= Assignment =
For the data that follows, return each line unchanged and drop the pictures.

= Provided data =
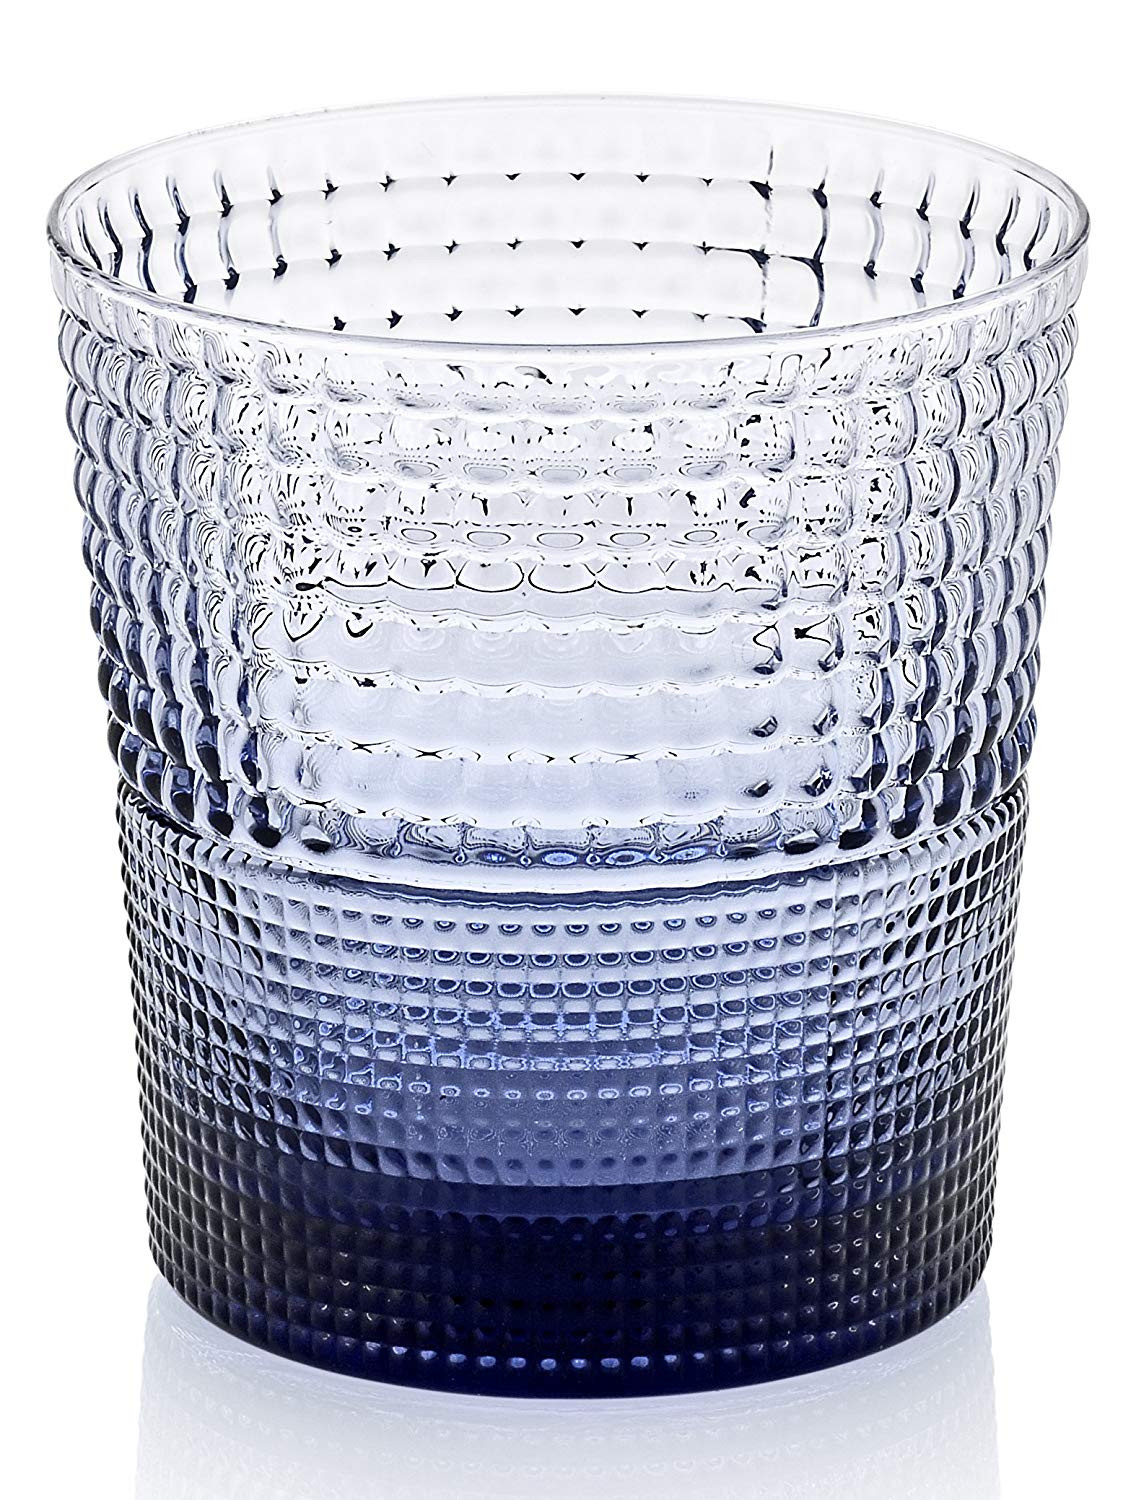 6 Glass Cube Vase Of Amazon Com Ivv Glassware Speedy Cooler Glass Set Of 6 13 1 2 Oz with Amazon Com Ivv Glassware Speedy Cooler Glass Set Of 6 13 1 2 Oz Clear Kitchen Dining
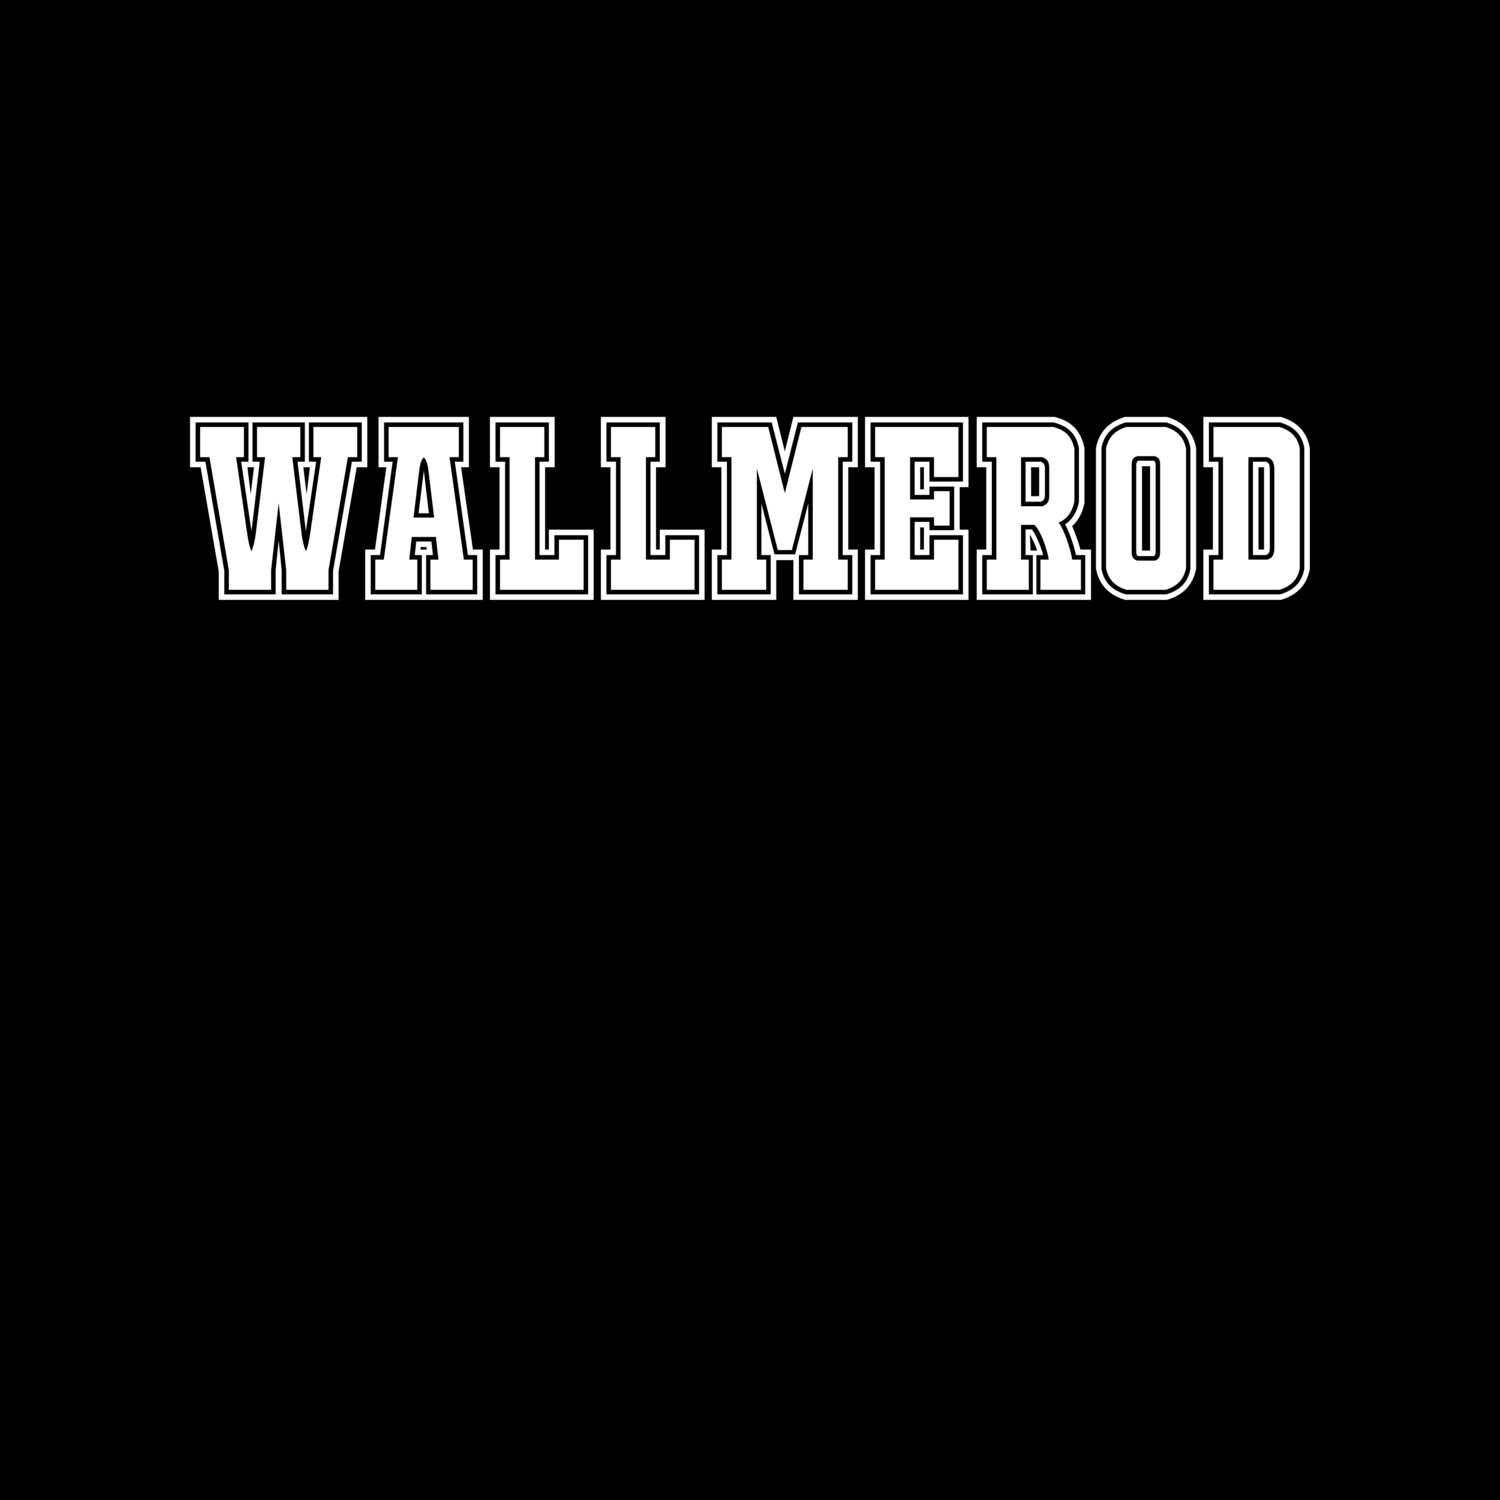 Wallmerod T-Shirt »Classic«
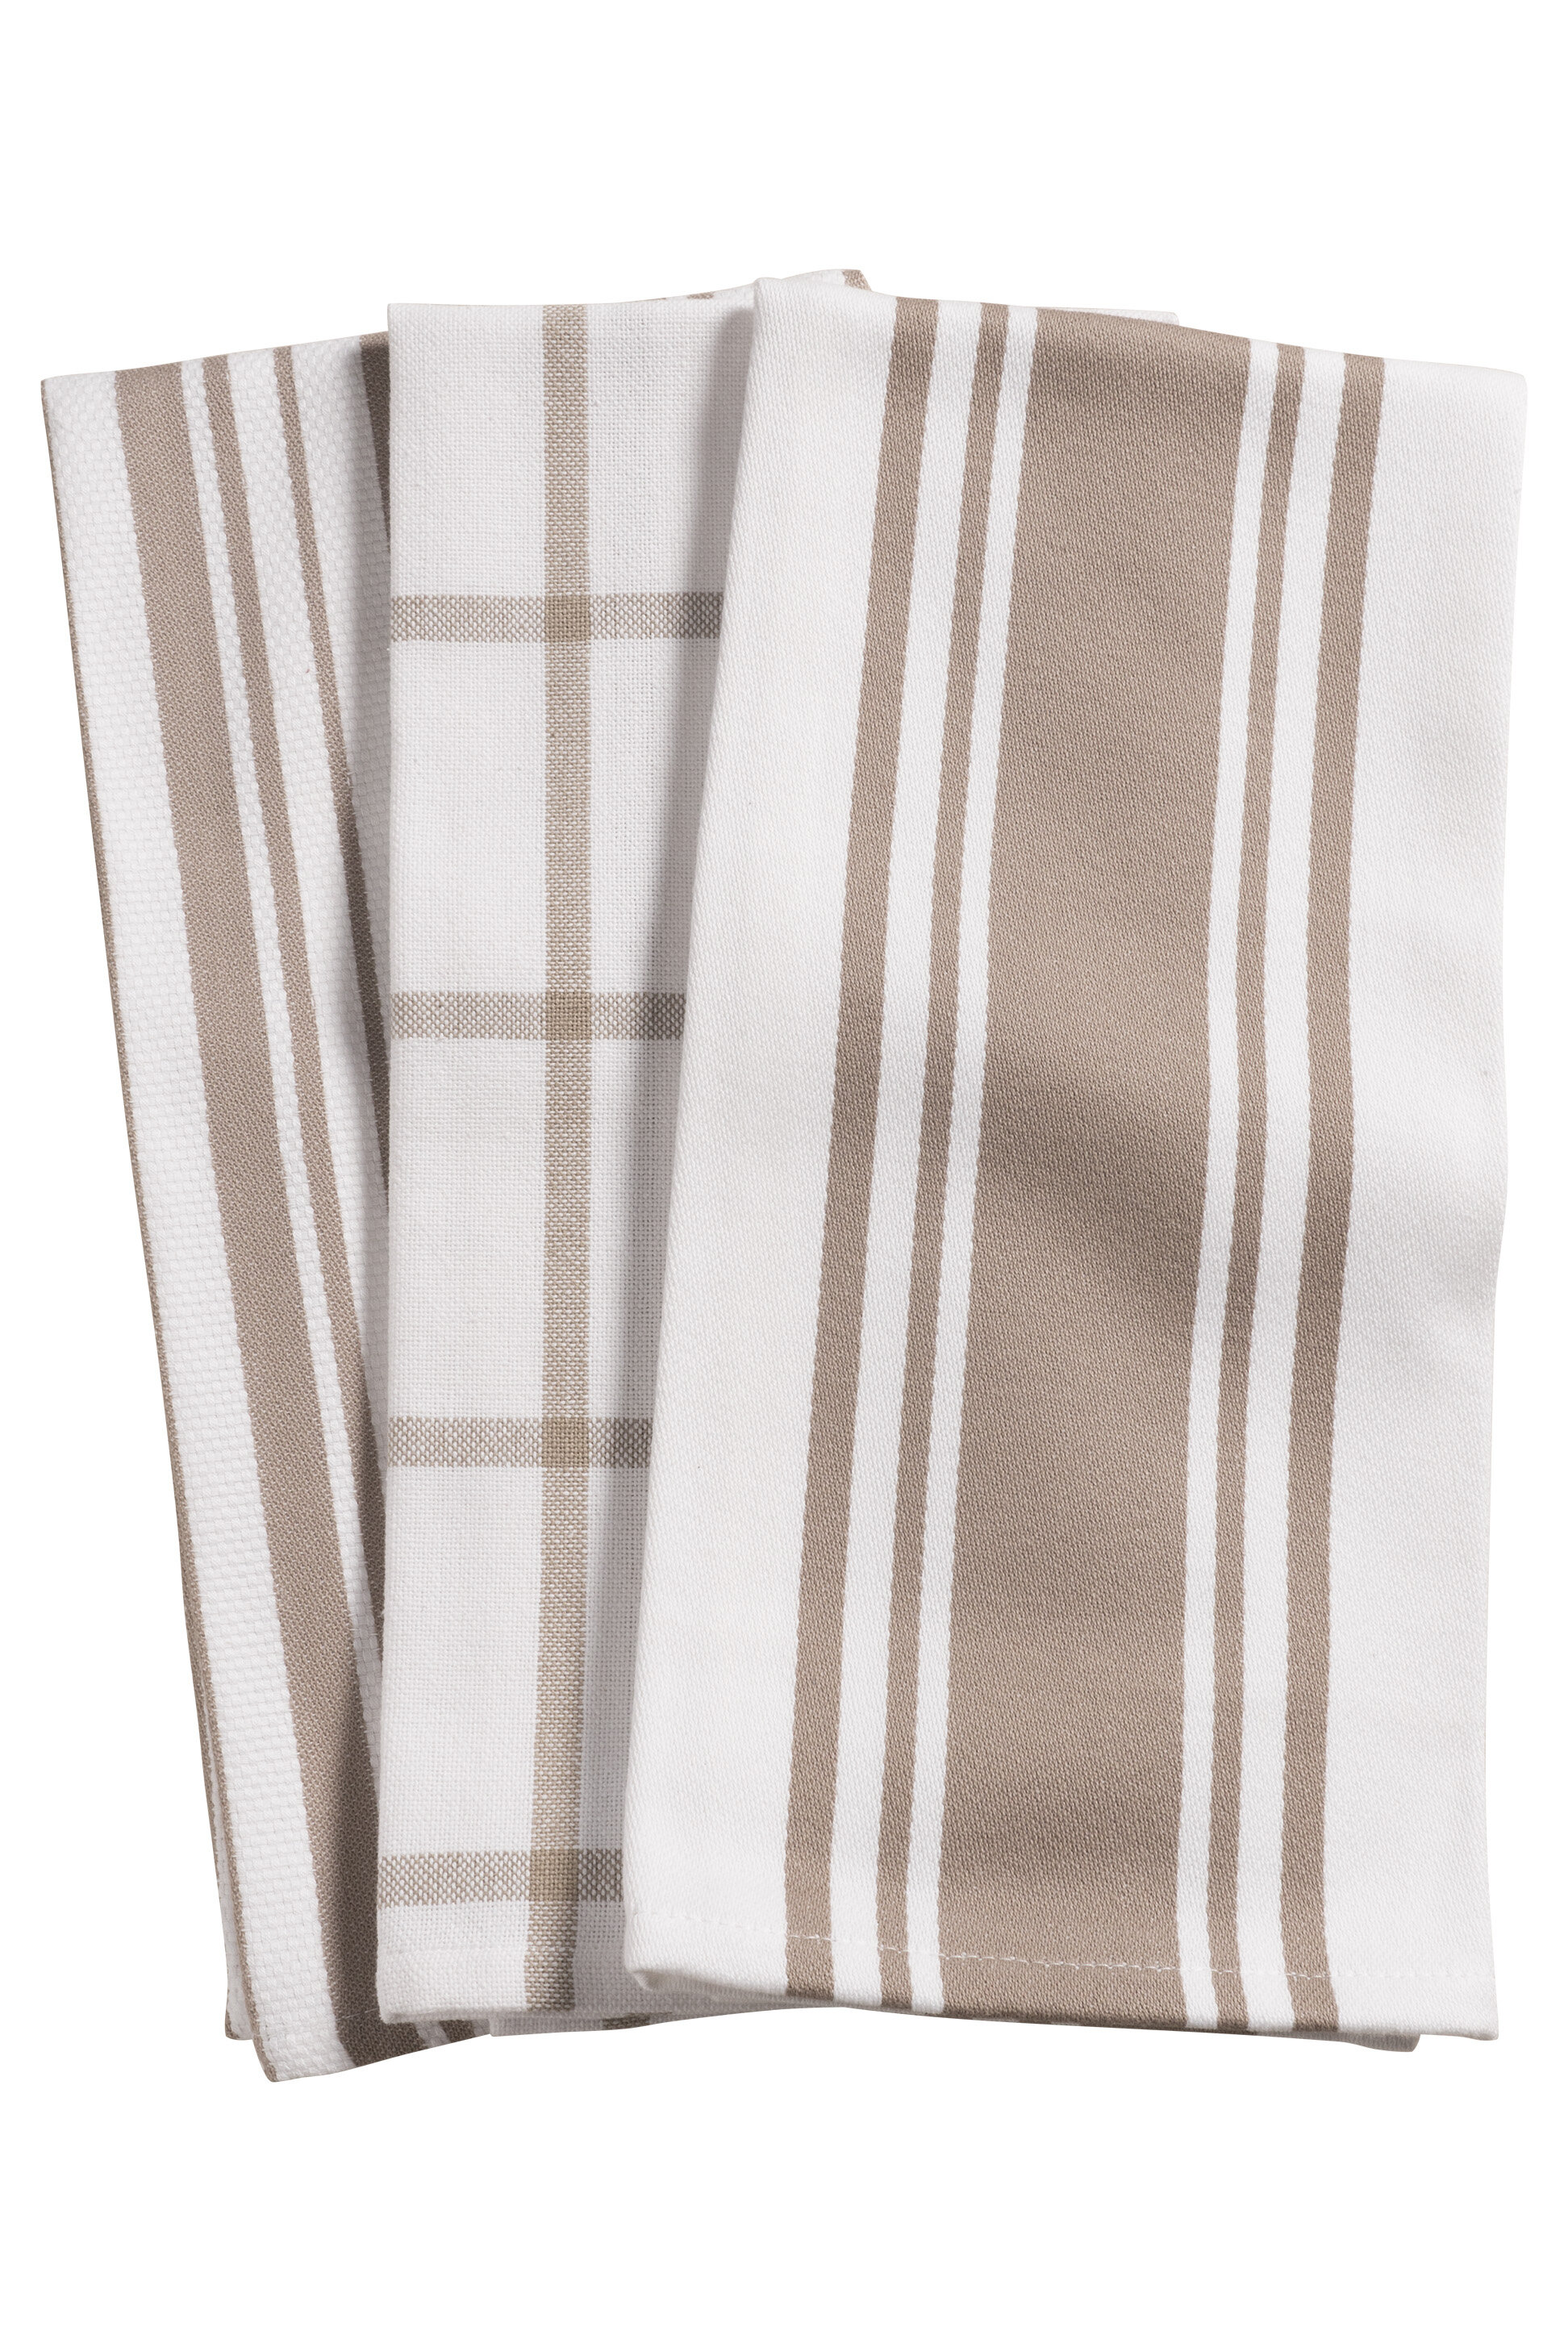 HALLOWEEN TIE TOWEL ASSORTMENT  15" x 16.5" 100% Cotton {Your Choice}

= Answer space =
 6 Glass Cube Vase Of Amazon Com Ivv Glassware Speedy Cooler Glass Set Of 6 13 1 2 Oz with Amazon Com Ivv Glassware Speedy Cooler Glass Set Of 6 13 1 2 Oz Clear Kitchen Dining
 Wallmerod T-Shirt »Classic«
 HALLOWEEN TIE TOWEL ASSORTMENT  15" x 16.5" 100% Cotton {Your Choice}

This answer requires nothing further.